(Extracted records Opens)

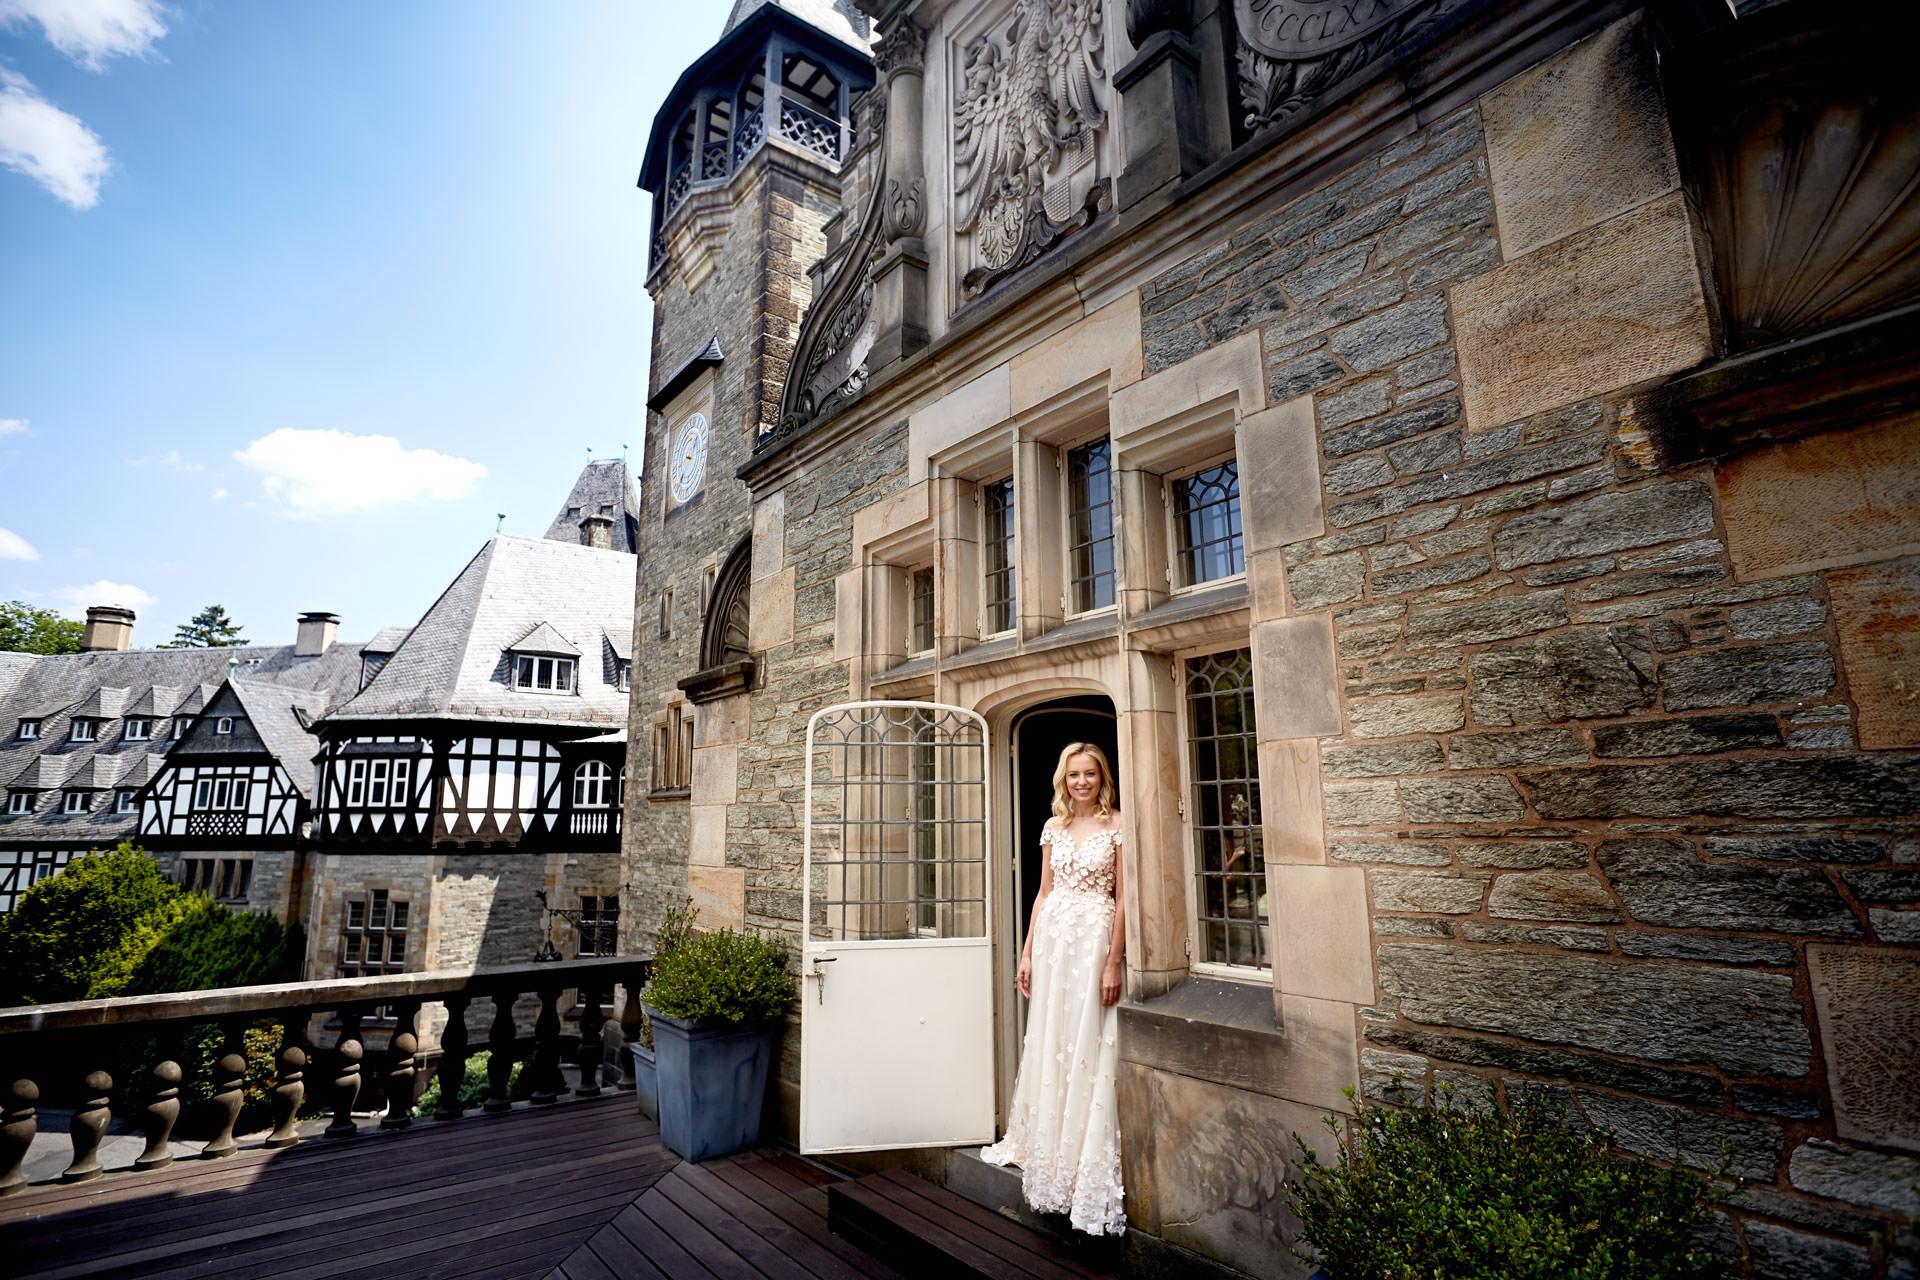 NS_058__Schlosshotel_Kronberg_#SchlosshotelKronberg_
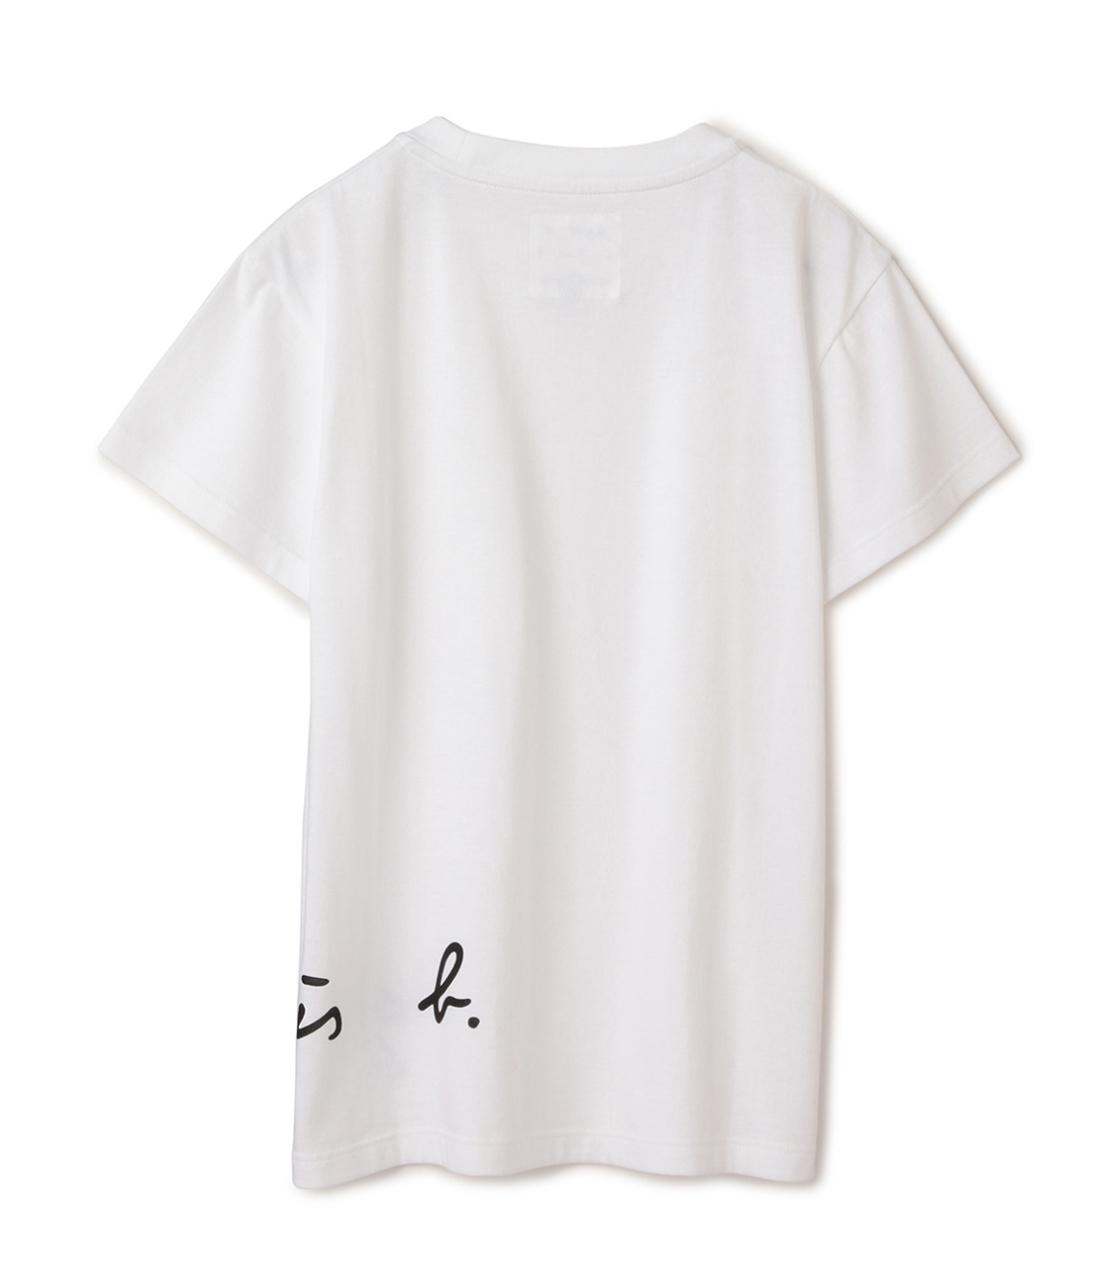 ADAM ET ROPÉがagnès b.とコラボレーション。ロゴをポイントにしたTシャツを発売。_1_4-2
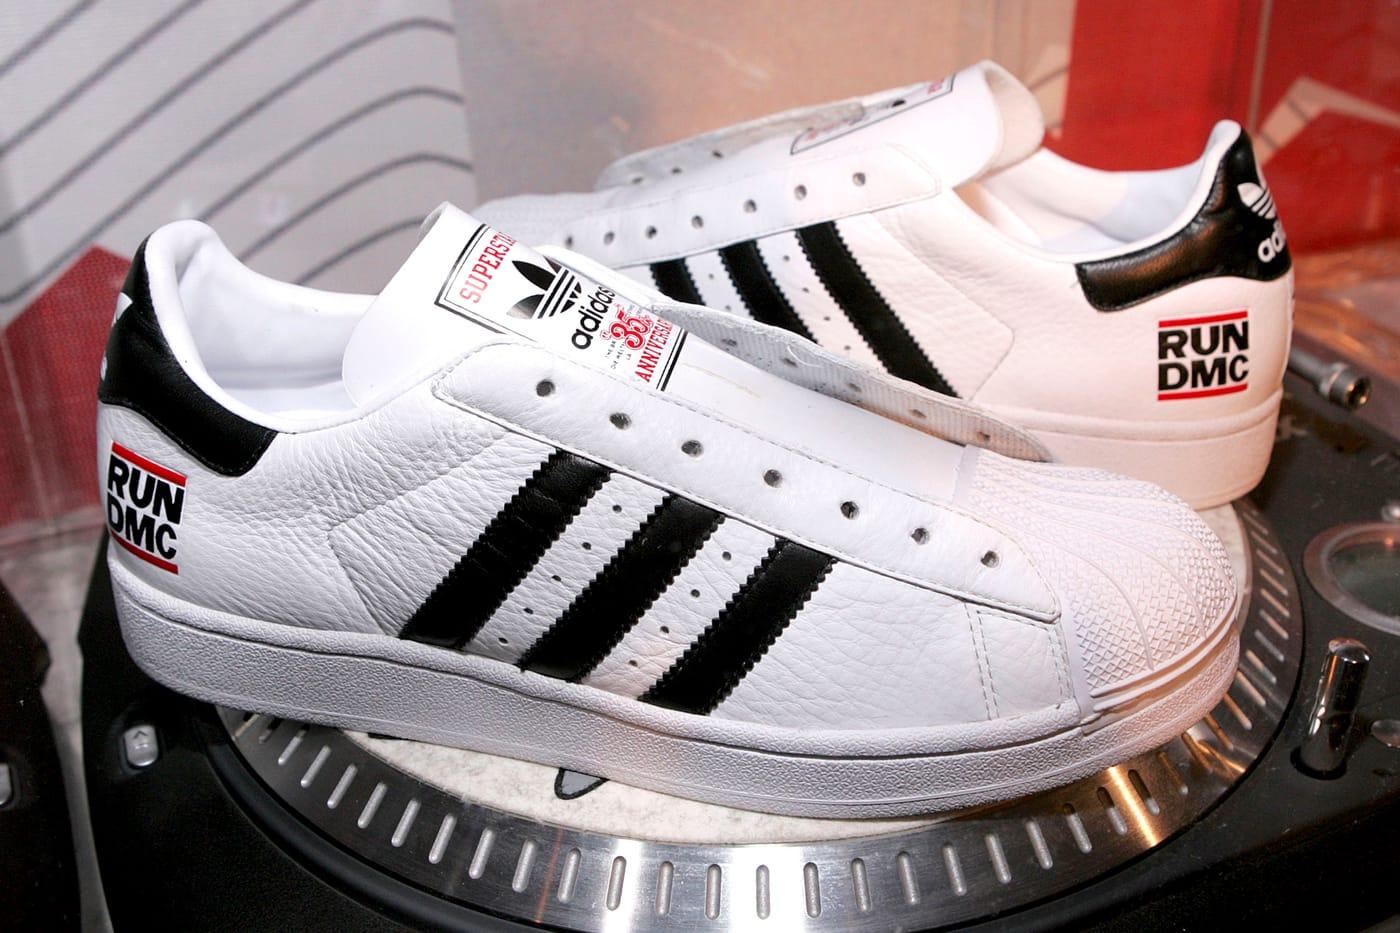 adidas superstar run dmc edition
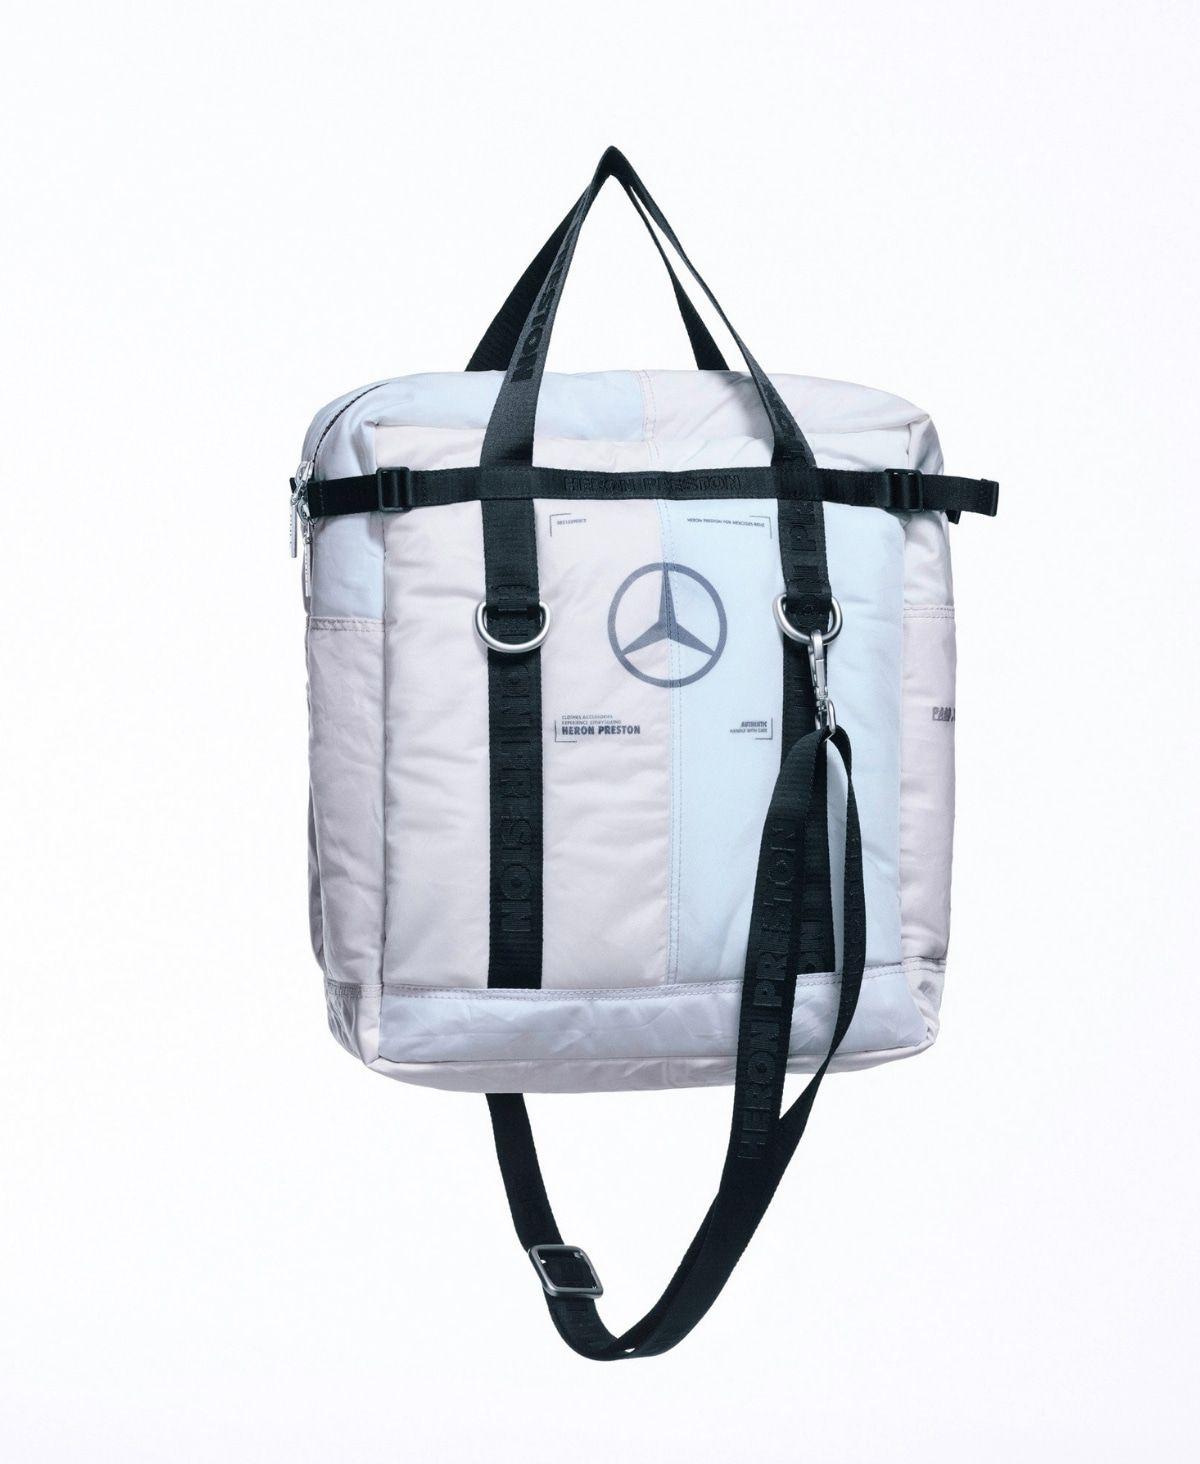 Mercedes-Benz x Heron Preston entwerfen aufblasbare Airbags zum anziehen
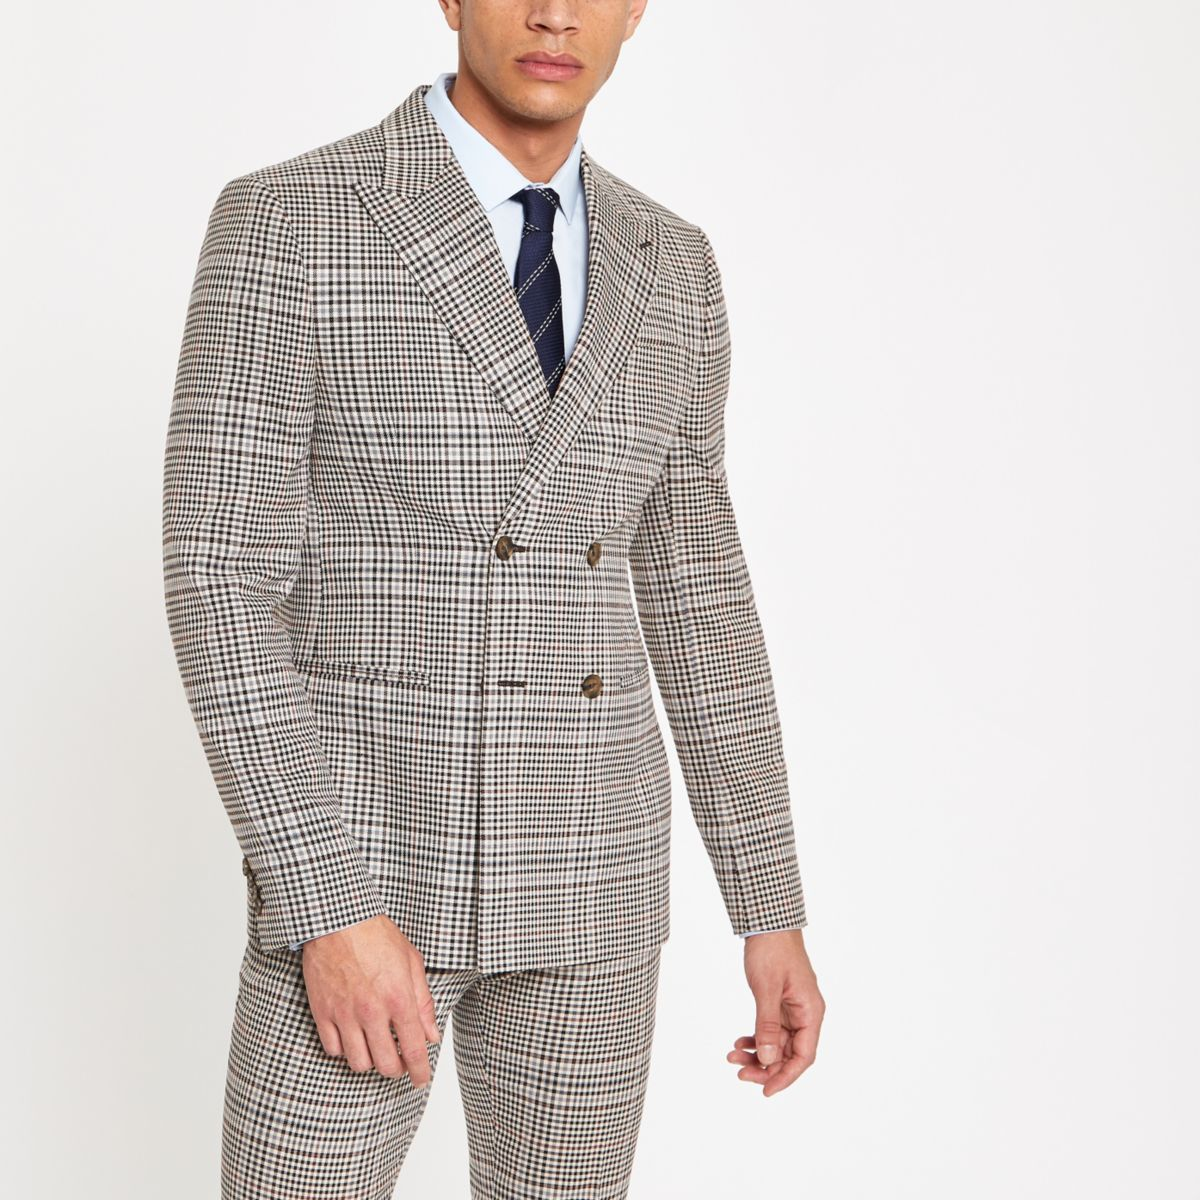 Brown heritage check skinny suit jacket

(Extracted records Closes)

* What you have to do:
Pictures aside, print every line of the material exactly.

* Reply to the task:
 NS_058__Schlosshotel_Kronberg_#SchlosshotelKronberg_
 ADAM ET ROPÉがagnès b.とコラボレーション。ロゴをポイントにしたTシャツを発売。_1_4-2
 adidas superstar run dmc edition
 Mercedes-Benz x Heron Preston entwerfen aufblasbare Airbags zum anziehen
 Brown heritage check skinny suit jacket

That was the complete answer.